Lambda Architecture Failure Modes and Edge Cases

Logic Divergence Between Layers:

The most insidious failure in Lambda systems is subtle divergence between batch and speed implementations. Imagine a revenue calculation that rounds differently: batch uses banker's rounding, speed uses standard rounding. For 5 million transactions per day with average value of 20 dollars, this creates a discrepancy of roughly 2,500 to 5,000 dollars daily. Users see one number in real time dashboards, then that number changes after midnight when batch results arrive.

This happens because the two paths are often implemented by different teams or using different languages. Batch might be SQL on a data warehouse, speed might be Java in a streaming framework. A schema change (adding a discount field to revenue calculations) gets deployed to streaming but forgotten in the batch SQL script. The divergence goes unnoticed until finance reports don't reconcile.

❗ Remember: In production, set up automated reconciliation that compares batch and speed aggregates on 10 to 20 key metrics every hour. Alert if variance exceeds 0.1 to 1 percent. This catches divergence before it reaches users.
Late Arriving Events:

Real world events arrive out of order and late. Mobile apps queue events offline and flush them when connectivity returns, sometimes hours later. A ride that happened at 2pm might not reach your system until 6pm due to the rider's phone being in airplane mode.

The speed layer typically maintains a sliding window, perhaps the last 6 hours. If that late event arrives 7 hours late, it falls outside the window and gets ignored by the speed layer. The batch layer will eventually account for it when it reprocesses the full day's data, but this creates temporary undercounting.

Late Event Timeline
EVENT TIME
14:00
→
ARRIVES
21:00
→
SPEED MISS
7h late

For systems where late data matters (financial, compliance), you need to either: extend the speed layer window to 24 to 48 hours (increasing memory requirements 4x to 8x), or accept that speed layer numbers are provisional and only batch results are authoritative. The latter is common: dashboards show "preliminary" for today's data and "final" once batch processing completes.

Speed Layer Outages:

What happens when your streaming cluster fails for 30 minutes during peak traffic? Events are still arriving at 200 thousand per second, being written to the durable log, but the speed layer isn't processing them.

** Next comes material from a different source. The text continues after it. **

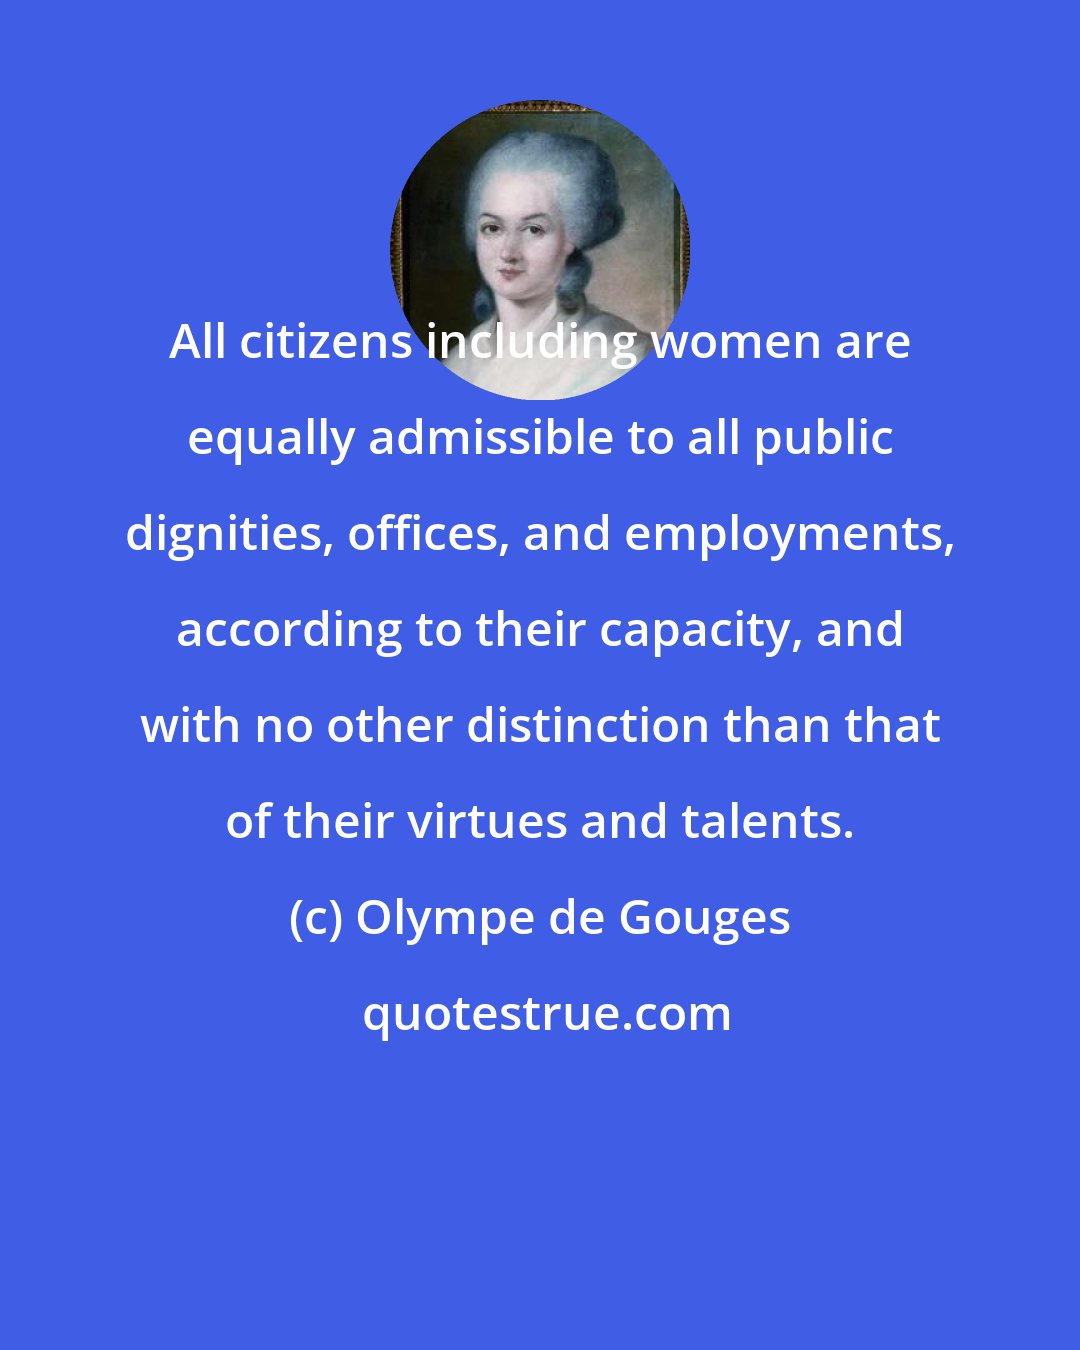 Olympe de Gouges: All citizens including women are equally admissible to all public dignities, offices, and employments, according to their capacity, and with no other distinction than that of their virtues and talents.

Users querying current state see stale data.

You have three options. First, serve only batch data with a warning that freshness is degraded ("showing data up to 1am, current time is 2:30pm"). Second, implement a fallback where queries against the speed layer timeout and automatically retry against slightly delayed but available replicated state. Third, design speed layer state to be quickly rebuildable: when the cluster recovers, it replays the missed 30 minutes of events at high throughput (perhaps 10x normal rate) to catch up in 3 to 5 minutes.

Netflix's approach for stream processing failures involves multiple independent speed layer clusters in different availability zones. If one fails, serving switches to another with 5 to 30 seconds of additional lag. This costs 2x to 3x on speed layer infrastructure but provides high availability for critical real time features.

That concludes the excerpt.